憧れと嫉みについて
憧れは、健やかな心の反応です。
自分が何に憧れているかによって、自分が欲しているものが分かります。
ただここで、私たちは真摯な探索をしなくてはいけません。
例えばある人が特定の歌手に憧れていたとします。
「自分もあんな風に上手に歌って、輝く人生が送れたら・・・」
でも、たいていの場合、その人が求めているのは「歌手になる」ということではありません。
その人が本当に望んでいるのは、「自分を正直に表現する」ということだったりします。
そうすると歌手になろうと躍起になっても、なかなかうまくいきません。
なぜならその人の魂が経験したいのは、毎日の生活の中で自分の考えを自由に表現するということだからです。
自由に表現して、「自分を尊重する」ということだからです。
憧れをうまく活かして、自分の望みの本質を、真摯に正直に探求していく必要があります。

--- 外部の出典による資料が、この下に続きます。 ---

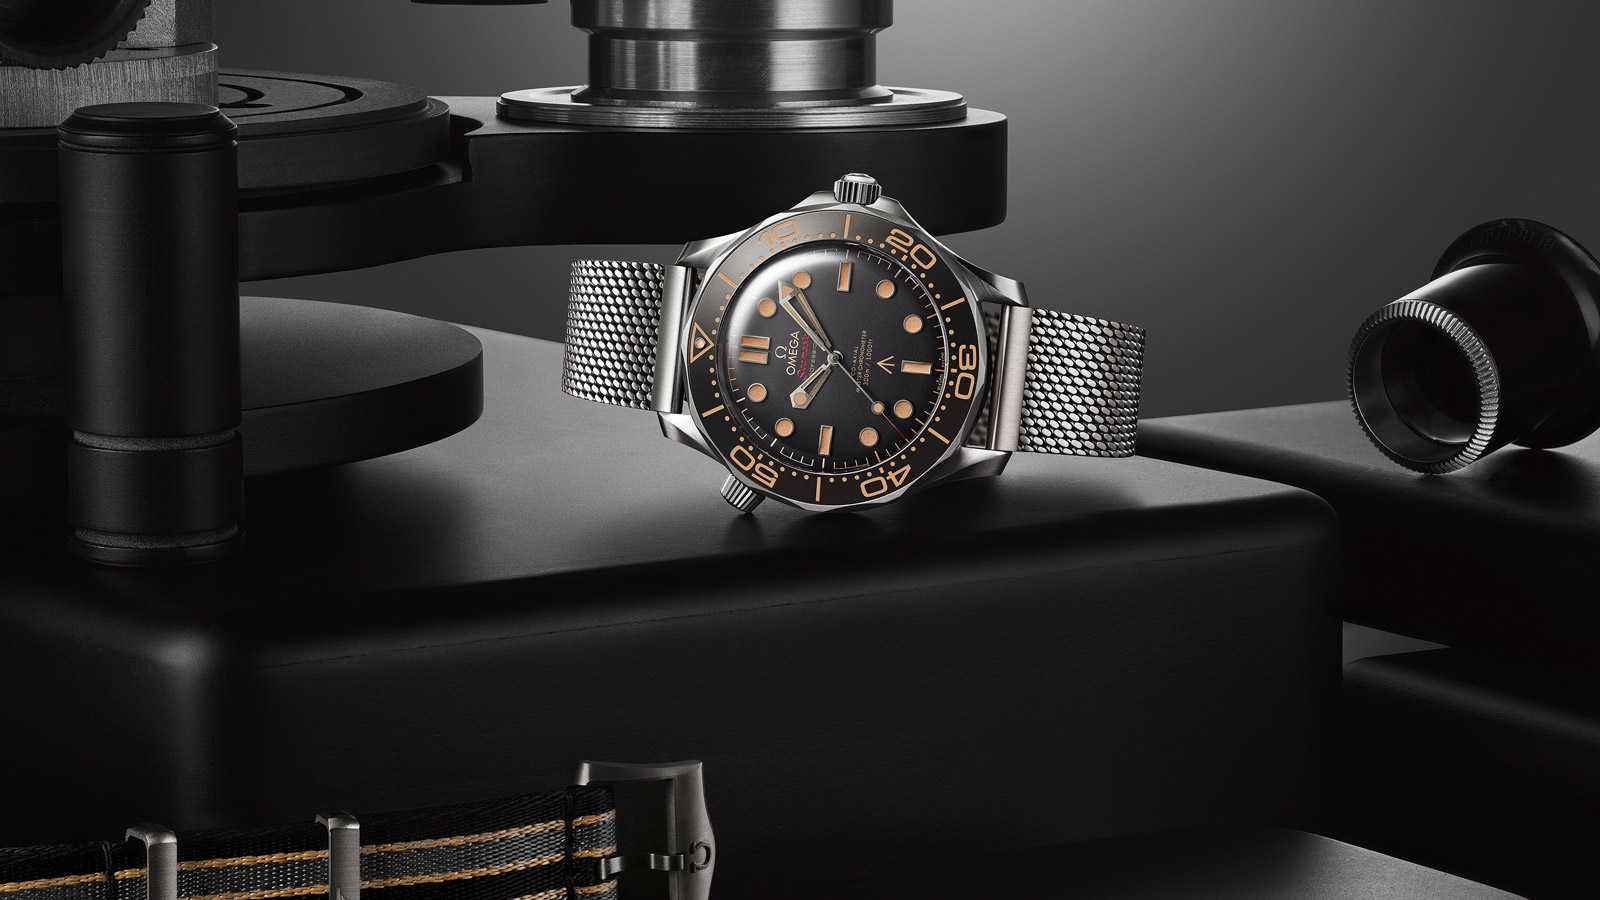 SE-Diver300M-007Edition-Slideshow2-new-large_9

さて、憧れは健康的な心の反応ですが、嫉みや妬みは少し話が違ってきます。
嫉みや妬みの根底にあるのは、
「必要なものは必ずしも得られない」という欠乏の概念です。
私たちは、実際には必要なものはすべて用意されて人生をスタートしています。
調達されるかどうかもわからないのにスタートを切る、ということはありません。
宇宙はそんな薄情なところではありません。
けれども成長の過程で
「自分で勝ち取らなければならない。しかも全ての人に行き渡るだけの幸福は用意されていない」
という概念を多くの人は学んでいくので、
「すべて用意されている」
という人生の大前提を忘れてしまいます。
すると、
「自分は手に入れられないのではないか」
という警報が鳴り響いて、自分が欲しているものを既に手にしていると「思われる」人を、嫉み妬むようになるわけです。
しかし、です。
これは何度書いても書き足りないくらいに大切なことですが、
私たちは必要なものを既にすべてもらっているのです。
もしかしたら、真摯で正直な探索がちょっと足りずに、本当に望んでいるのとは違うものを追いかけているのかもしれませんし、
親であったり、学校であったり、会社であったり、誰か他の人の望みを自分の望みと勘違いしているのかもしれません。
まだ目に見えるところには出現していないけれども、舞台袖でベストタイミングを狙って、その必要なものは待機しているということも多々あります。
ですから、安心して、焦らずに自分の憧れに耳を傾けてください。
もし、嫉みや妬みの感情が既に現れているのであれば、それを感じている自分を否定せず、
「手に入らないかも、と自分は不安を感じているんだな。じゃあ、何を手に入れたいと思っているのかな。そこにある私の望みの本質は何かな」
と、嫉み妬みの構造を逆手にとって、自分を聞いて受け入れるツールにしてあげてください。
どの感情も、無駄なものはありません。